The effects of a calcium dependent protease on the ultrastructure and contractile mechanics of skinned uterine smooth muscle.

In situ substrates for a vascular smooth muscle calcium-dependent protease (CDP) were investigated using a chemically skinned uterine smooth muscle preparation. Treatment of skinned smooth muscles with CDP had no effect on the total content of actin and myosin. Electron microscopical observations demonstrated that membrane plaques, cytoplasmic dense bodies, and intermediate filaments were all degraded by CDP. In addition, CDP reduced both isometric force and isotonic shortening velocity of contracted muscles in a concentration and time-dependent manner. Treatment of contracting muscles with CDP resulted in a condensation of myofilaments away from the plasma membrane concurrent with the loss of contractility.
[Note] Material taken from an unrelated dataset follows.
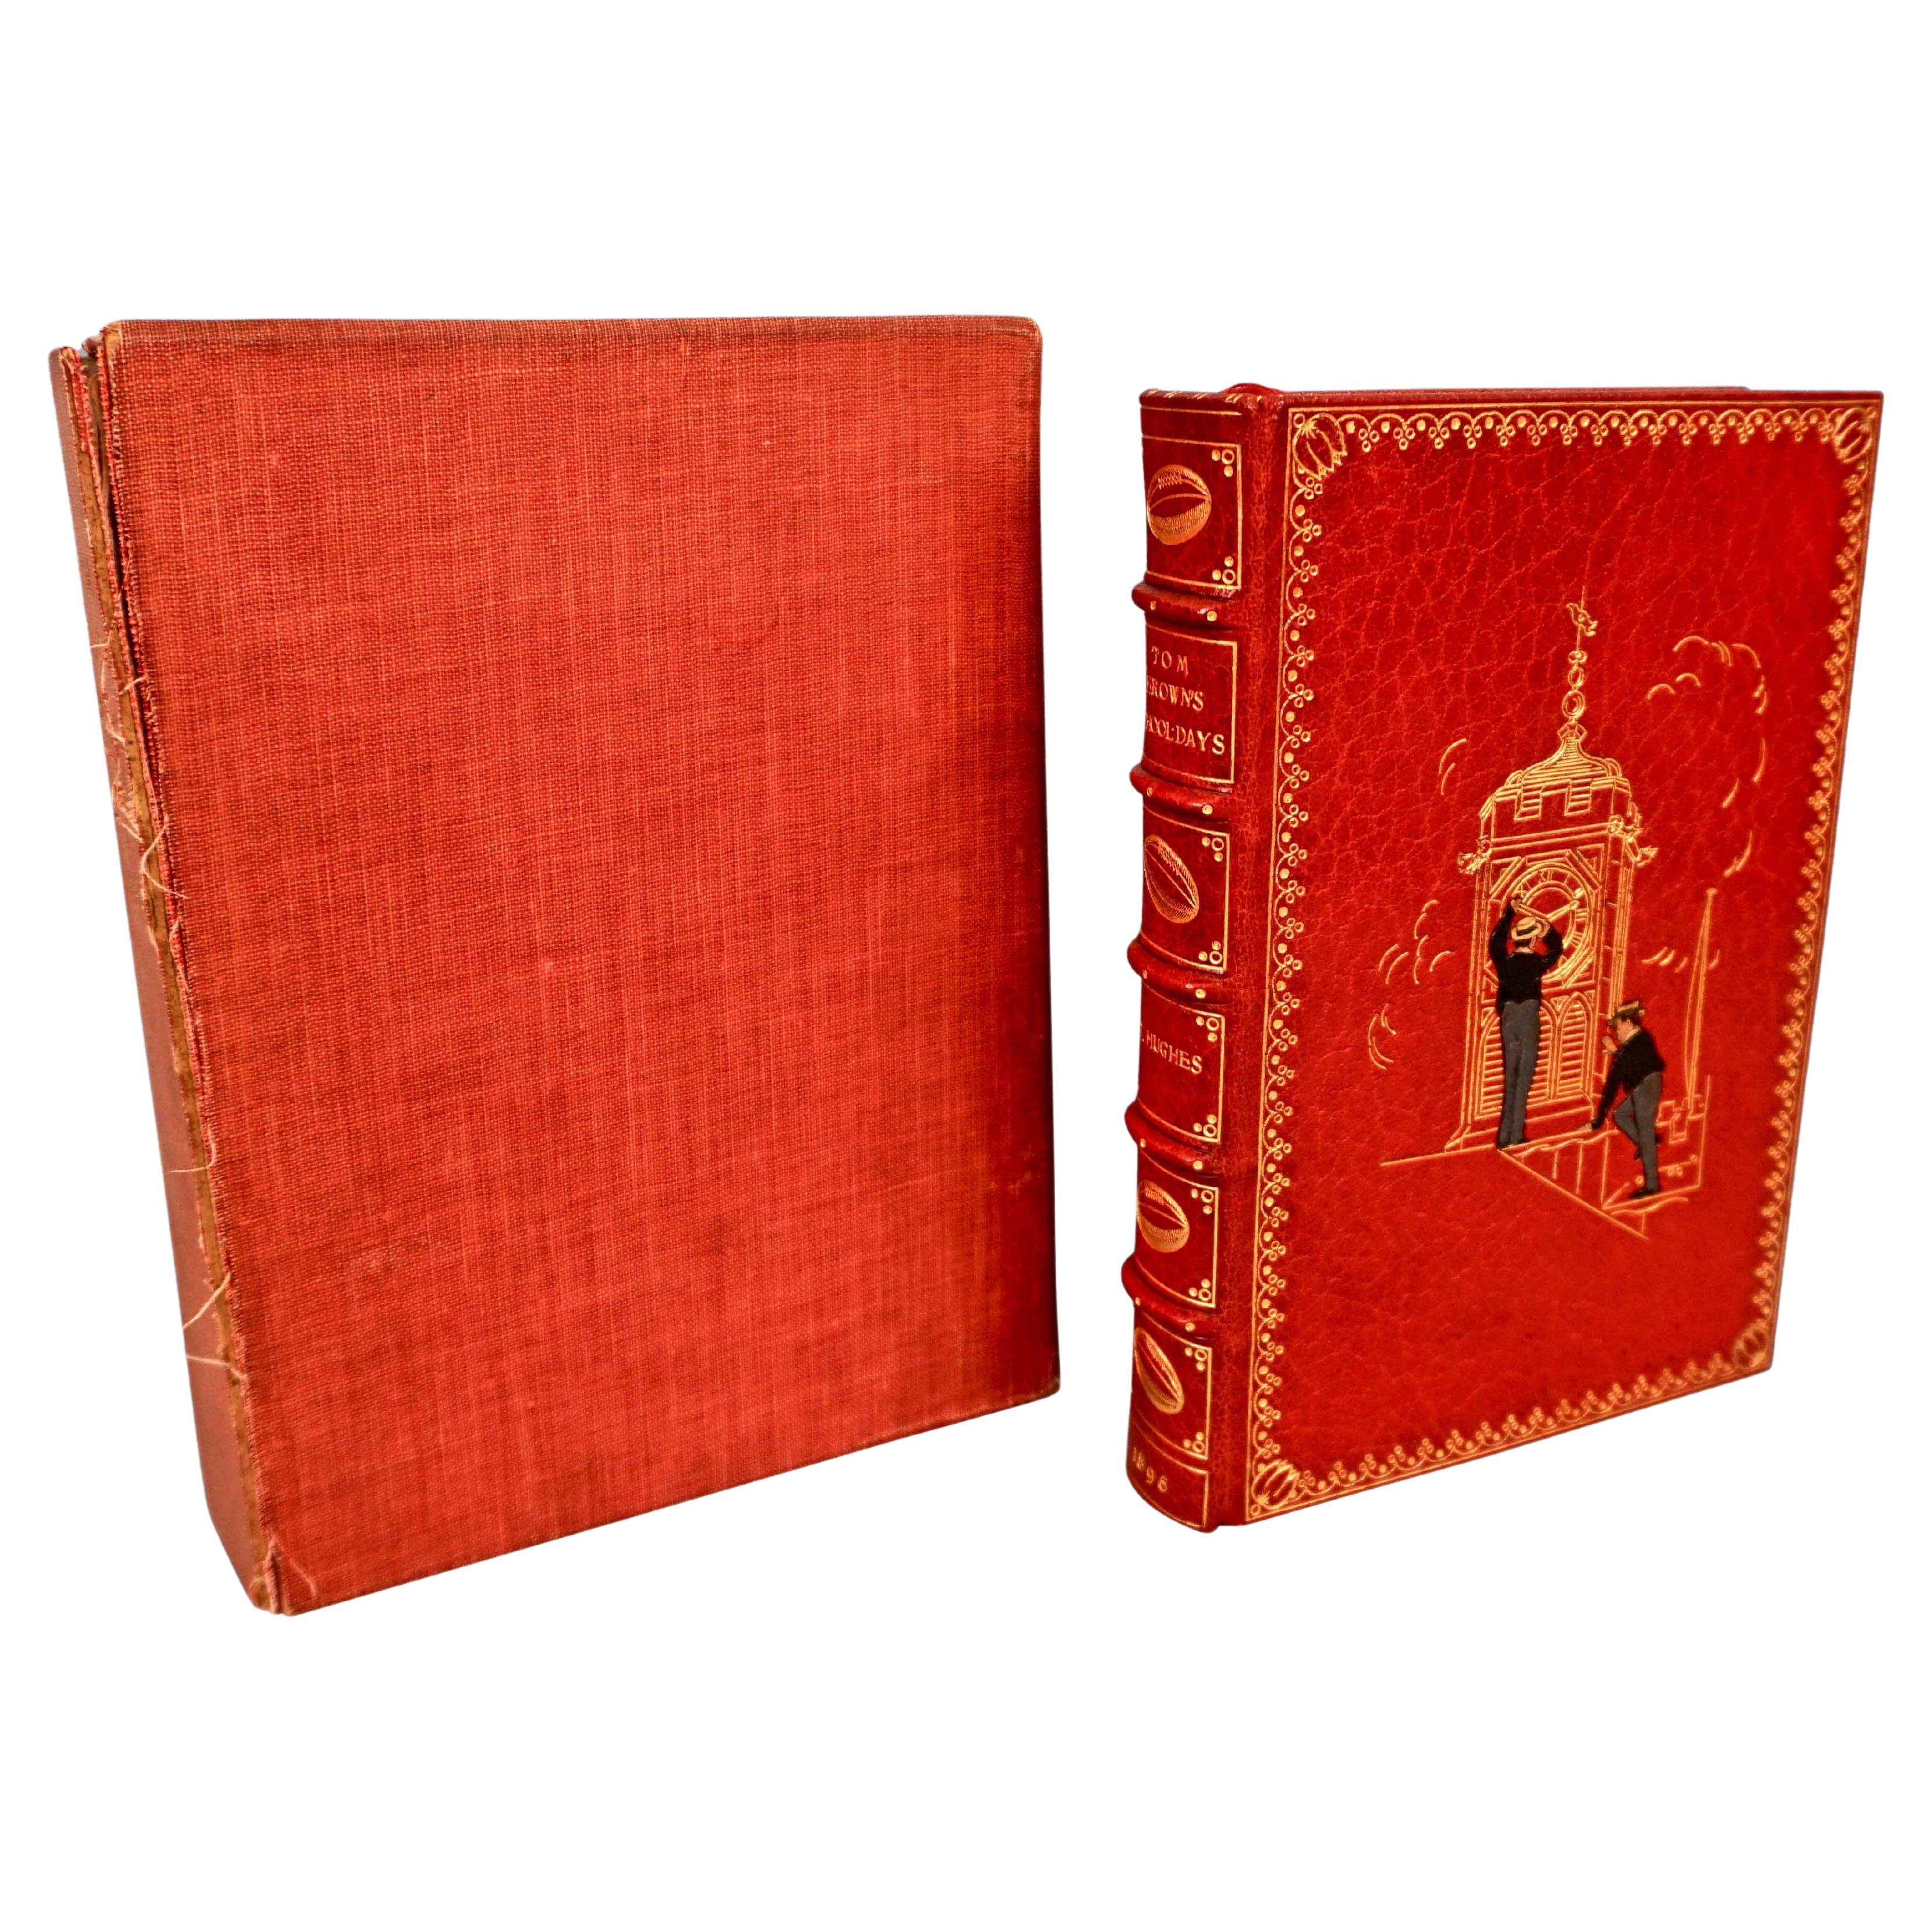 A magnificently bound edition of Tom Brown's School Days published in London in 1896 by Macmillan and Company with full gilt edges. The binding was created and is signed by Kelly & Sons London, an important custom bindery in London founded in 1770

The condensation of myofilaments was ATP-dependent and could be inhibited by removal of ATP prior to proteolysis. The effects of proteolysis on smooth muscle ultrastructure and contractility support previously proposed models which assign a role to cytoskeletal elements in coordinating the molecular interaction of actomyosin to produce muscle contraction. The loss of cytoskeletal structures following protease treatment suggests that one of the functions of CDP in smooth muscle may be the disassembly of the cell cytoskeleton.